To do - Beginning with the line of the entries below that holds "Komplet damski czapka" and ending with the line that holds "Detroit Michigan Map", transcribe each line exactly as written. Pictures stay out.

Records to use -

┄┄┄┄┄┄┄┄┄┄┄┄┄┄┄┄┄┄┄┄

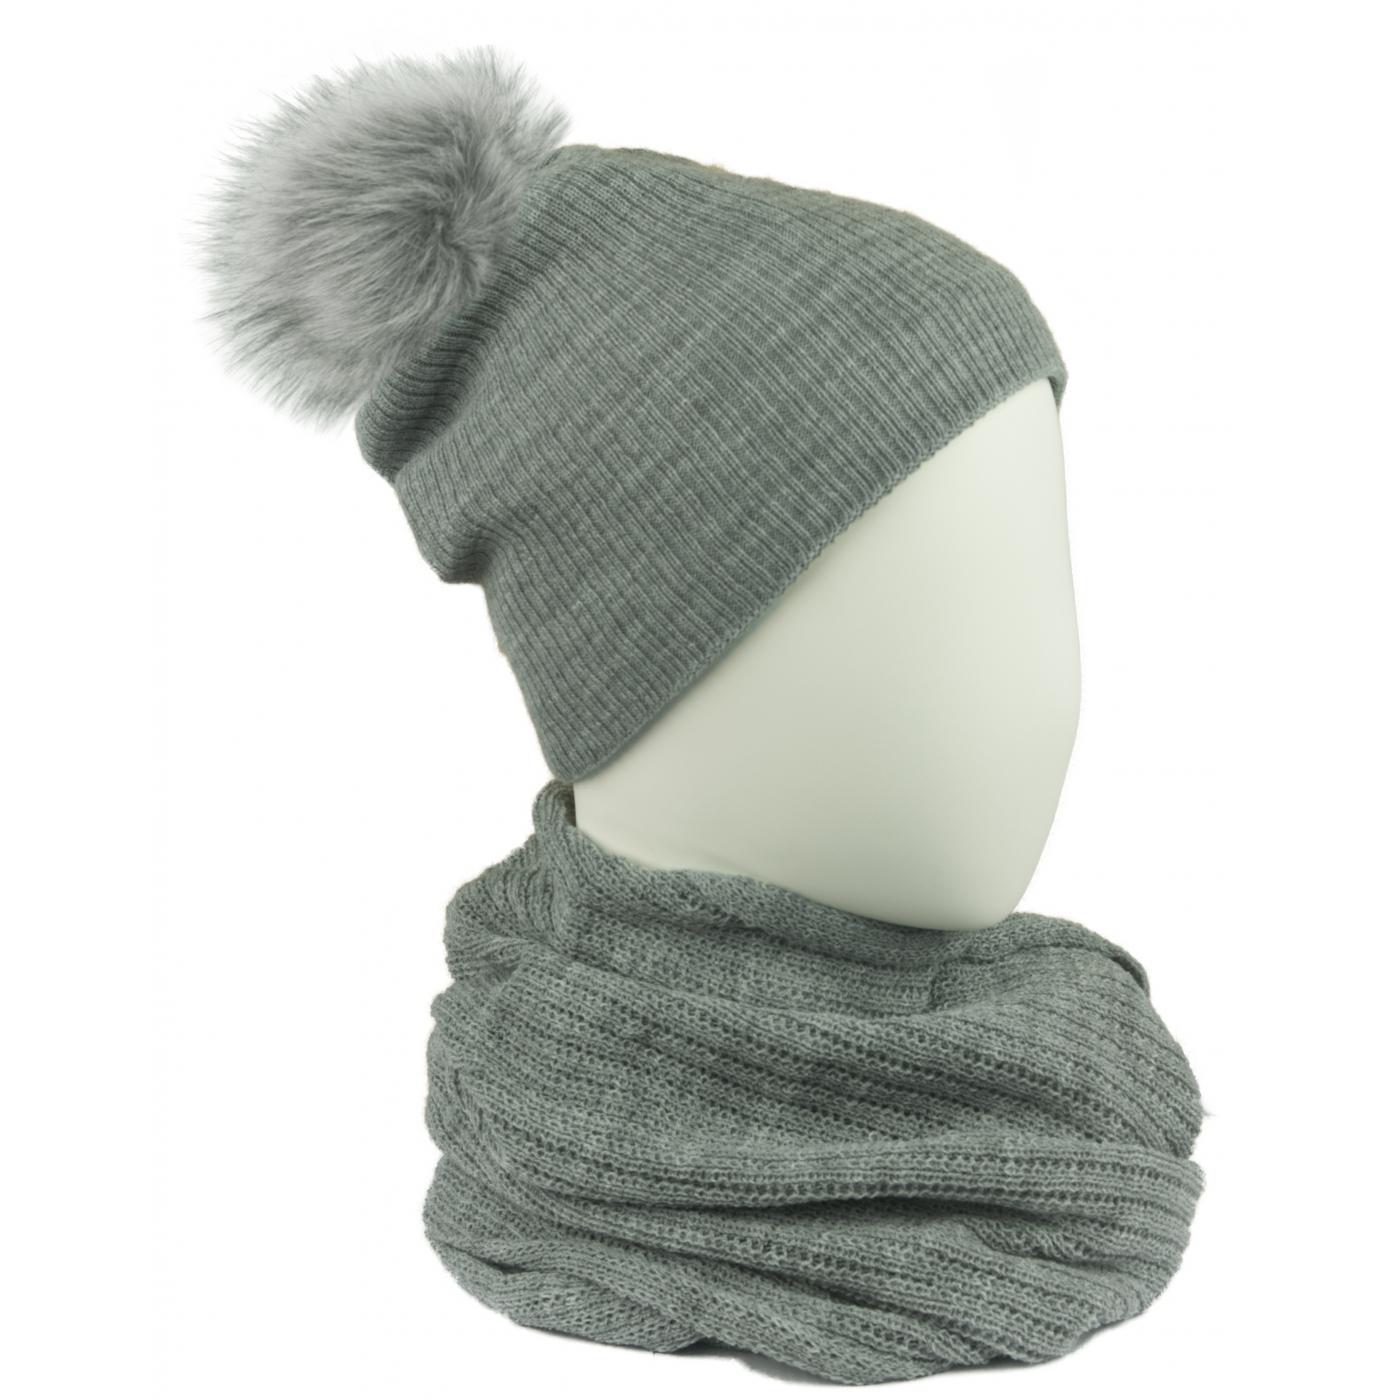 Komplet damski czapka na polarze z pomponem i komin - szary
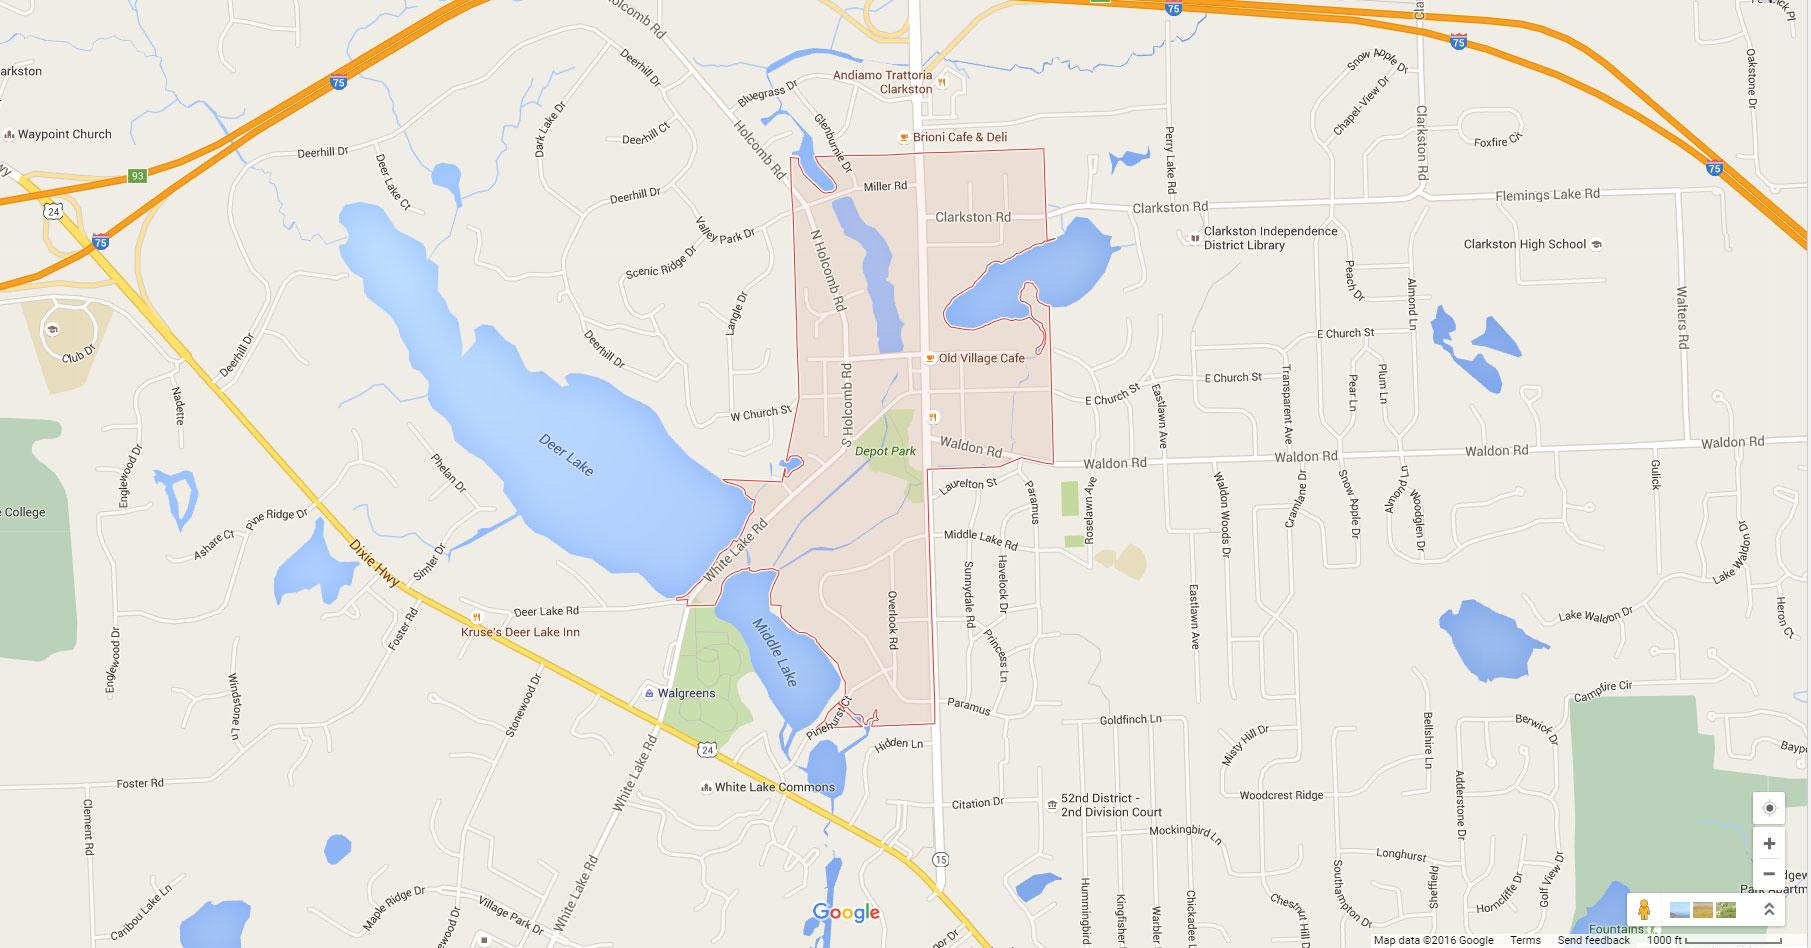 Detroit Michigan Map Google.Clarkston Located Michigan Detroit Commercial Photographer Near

┄┄┄┄┄┄┄┄┄┄┄┄┄┄┄┄┄┄┄┄

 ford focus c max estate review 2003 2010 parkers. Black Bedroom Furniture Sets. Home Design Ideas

┄┄┄┄┄┄┄┄┄┄┄┄┄┄┄┄┄┄┄┄

Exercise output -
 Komplet damski czapka na polarze z pomponem i komin - szary
 Detroit Michigan Map Google.Clarkston Located Michigan Detroit Commercial Photographer Near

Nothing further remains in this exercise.